As a childless step-mother, this day can be wrapped up in all kinds of emotion for me. For all kinds of reasons, all kind of women and girls have all kinds of feelings about this day. This is a day that Congress set up and Hallmark ran with to inflate our expectations and their profit margin.

Mother’s Day can be a reminder of difficult relationships with our mothers. Mother’s Day can be a reminder of moms who have died. If we have children who have died, that is another layer of pain to sort through.

Like many women, I buy into the expectations that society and culture have set up. Ours is a blended family and we share time with the kids so I usually will see the kids on Mother’s Day. This is where my expectations run off with the day. Flowers? Cards? Handmade gifts? A grunted, “Hey” as they head straight to their room from the car? Oh, a girl can dream.

But here is the thing about expectations. An expectation is a pre-meditated resentment. If we expect something, it needs to be communicated. Then if the other party agrees, we have an agreement. Someone breaking an agreement is very different from someone not meeting our expectation. If we do not ever communicate that expectation, it is on us.

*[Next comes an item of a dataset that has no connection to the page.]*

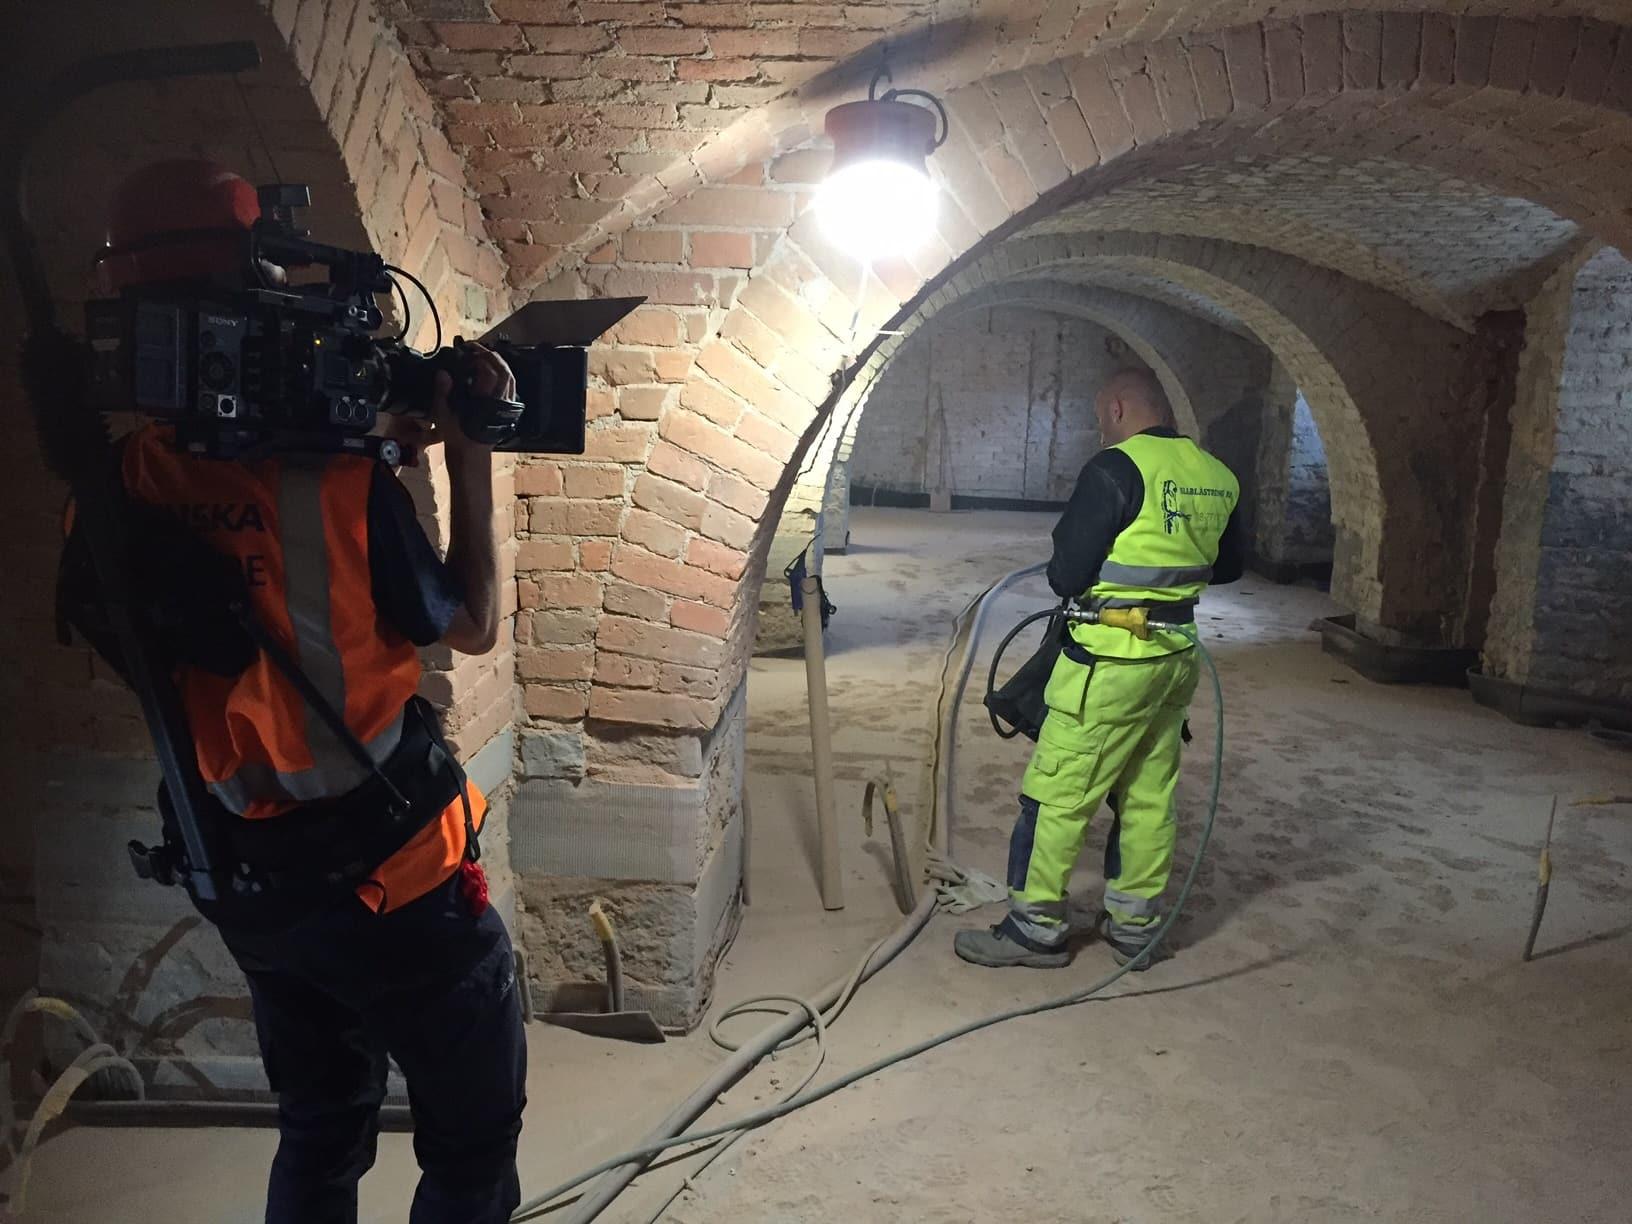 allblästring blästring skanska nationalmuseum svt dokumentär 03

We cannot resent someone for not giving us what we never told them we wanted.

So let’s forget other people for a second. If we cannot ignore this dumb thing Congress has done and just make the second Sunday in May another day, my suggestion is for us to focus on the place inside of us that is nurturing and needs to be nurtured. Let’s mother ourselves and celebrate the mother that we are.

A friend of mine posted to Facebook that someone wished her happy Mother’s Day when she had no kids with her, asking her Facebook followers if she looked that bad. Girl, stop talking bad about yourself, first of all. Second, I would like to suggest that you received these well wishes because that person recognized every woman is a mother.

But even if we did not give birth, even if we married into having children, even if our children have gills, fur, or 4 legs – even if we are responsible to no one but ourselves – we are still mothering. We mother our friends. We nurture siblings. We care take at work. It is time we acknowledge those expectations we gave voice to. Acknowledge them to ourselves. We want to be seen so open your eyes and listen to what your heart and gut are asking of you. Forget other people. Take this day to give yourself what you need – is it a nap in the hammock in the woods? Is it a day in bed with a book or Netflix and your furry 4-legged friends? Is it time with your kids? Is it time not with your kids?

Check in with your gut and if you cannot make it happen today, write it down to start planning next March so you can make Mother’s Day what you need, not what we are told we need. Be gentle with yourself and each other today, friends.